Favouring a programming identity that is based on crossings between artistic territories, between languages and geographies, between times and spaces, BoCA is presenting its 4th edition with a programme that spans 30 cultural, heritage and natural spaces in the cities of Lisbon and Faro over the course of 6 weeks. Between theatres, museums, cultural centres, heritage spaces, natural spaces and nightclubs, we have gathered around the title Invisible Present artists, thinkers and communities who mostly present new creations commissioned, produced or co-produced by BoCA, affirming the biennial as a space for the circulation of new ideas, images and discourses that show the polysemy of the present.

We inhabit a present characterised by the vertigo of speed, which itself generates invisibilities that allow our gaze to detach from the human, in other words, that allow the possibility of ignoring freedom, justice and equality. That which is only visible if we allow ourselves to see and care, committed to the present.

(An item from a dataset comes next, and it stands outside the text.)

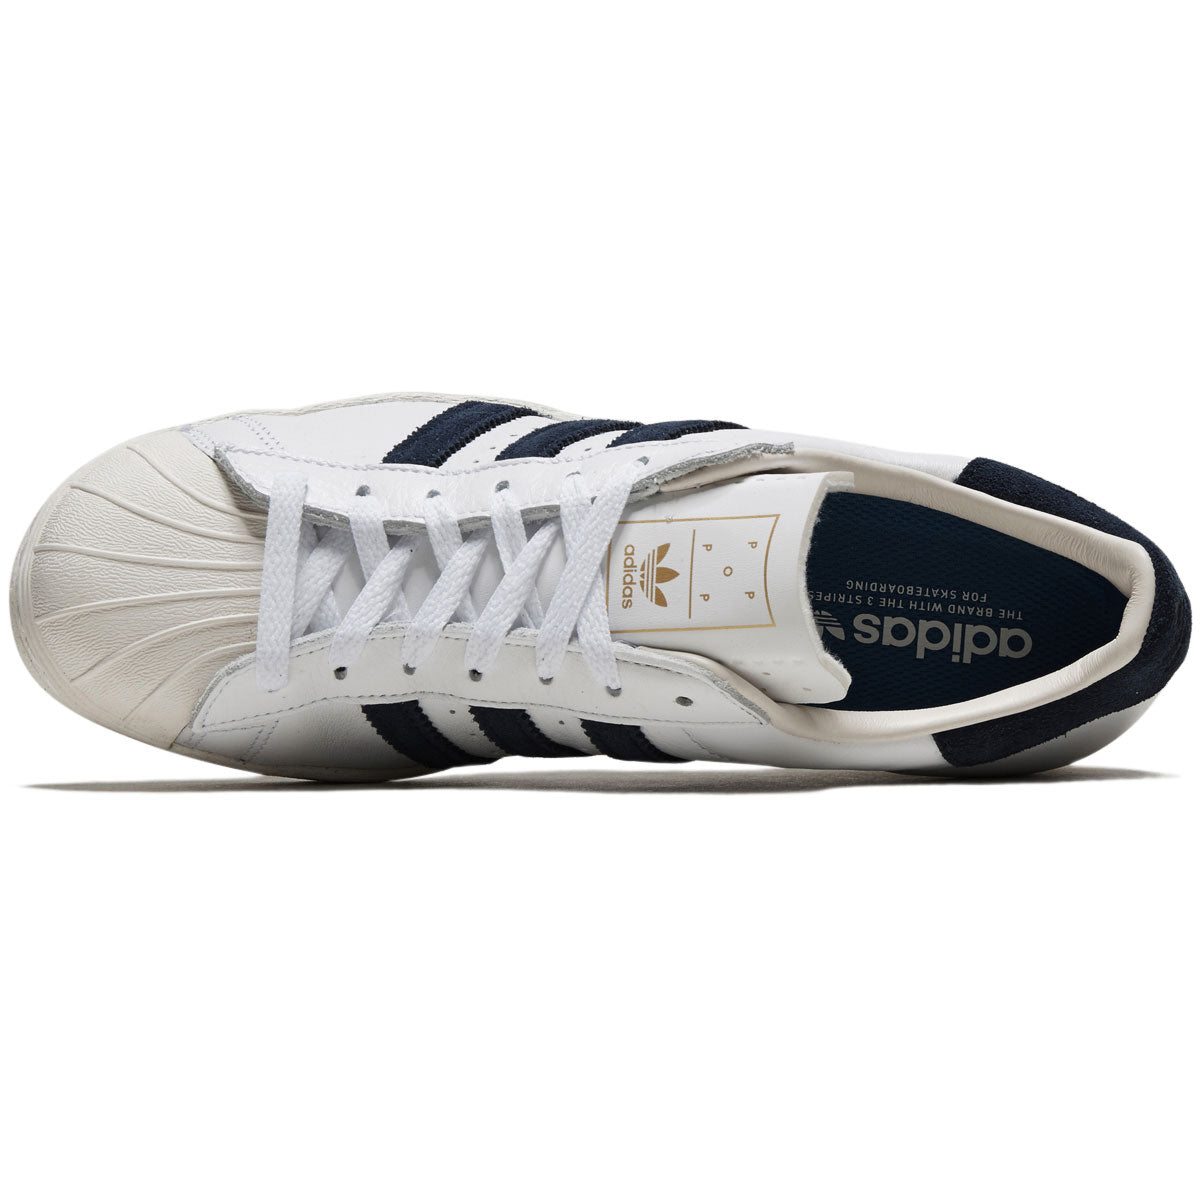 Adidas x Pop Trading Co Superstar Adv Shoes - White/Collegiate Navy/Chalk White image 3

In one of Pasolini’s most beautiful short films, “The Sequence of the Paper Flower”, we see the central character dancing and walking to a limit, the one that prevents him from continuing on his way without realising what is really happening around him: is there room for innocence, ignoring the pain and violence of a world in constant change?

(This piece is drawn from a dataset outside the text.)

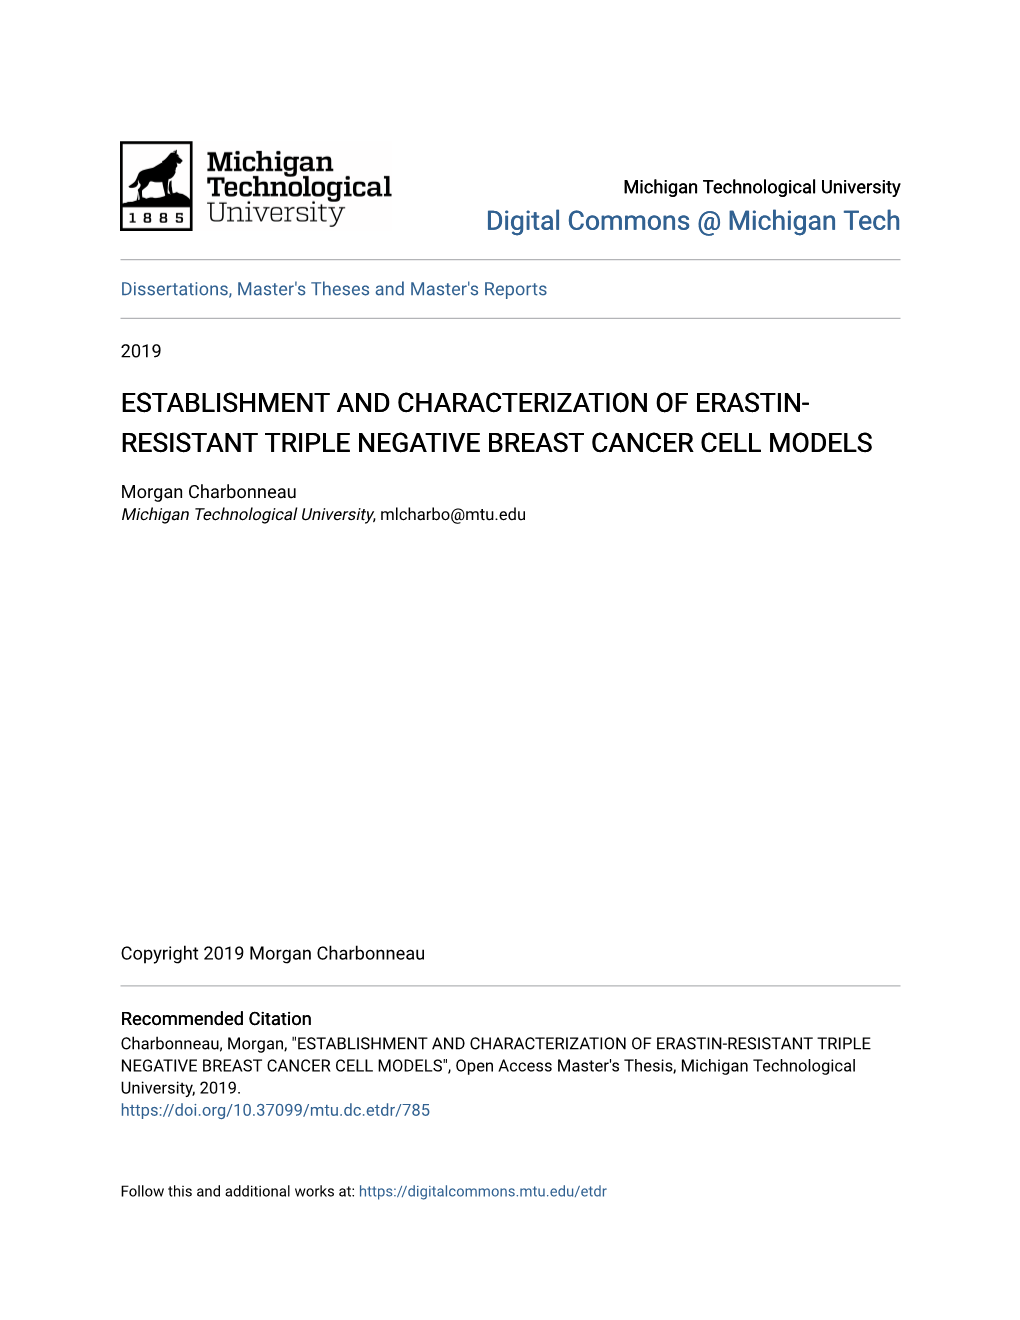 Establishment and Characterization of Erastin-Resistant Triple Negative

Migratory movements, historical erasures, extractivism, racial and gender violence. The Invisible Present blurs geographical, physical, temporal and identity boundaries, giving visibility and a voice to those who have not had one. It finds in tradition a form of resistance, of a way of feeling that passes through the entrails, to which we are viscerally linked, beyond speeds and times. And we hear, powerfully, an echo of ancestry to which we return and which vivifies its presence today.


Inhabiting borders

As part of BoCA’s deviant identity, in which we invite artists and thinkers to create projects in other artistic territories, we present philosopher Paul B. Preciado‘s first two forays into the stage and cinema. Preciado on stage and in the cinema. At Culturgest, we see his staged reading of the biopolitical text “Can the monster speak?”, by a group of five trans and non-binary performers. We preview Preciado’s first film experience in Portugal, an adaptation of Virginia Wolf’s work, “Orlando, my political biography”. A film that questions who are the new Orlandos of contemporary times and invokes historical Orlandos who fought for recognition and visibility.

Crossing different identities, the humanity and closeness proposed by director Marcus Lindeen leads us to inhabit a kind of human amphitheatre, with performers who could only have been chosen by someone with an eye for cinema. The shows “Orlando & Mikael”, which takes the film “The Regretters” as its starting point, deals with the choices and impacts of gender reassignment, and the show “L’Aventure Invisible” questions the stability of our identities.

Continuing her research and historical speculation around queer identities, Odete has teamed up with French light designer Caty Olive for the start of a project that evokes the castrati and explores their vocal and aesthetic universe. A project that aims to valorise the vibration of voices that inhabit territories that cross between states.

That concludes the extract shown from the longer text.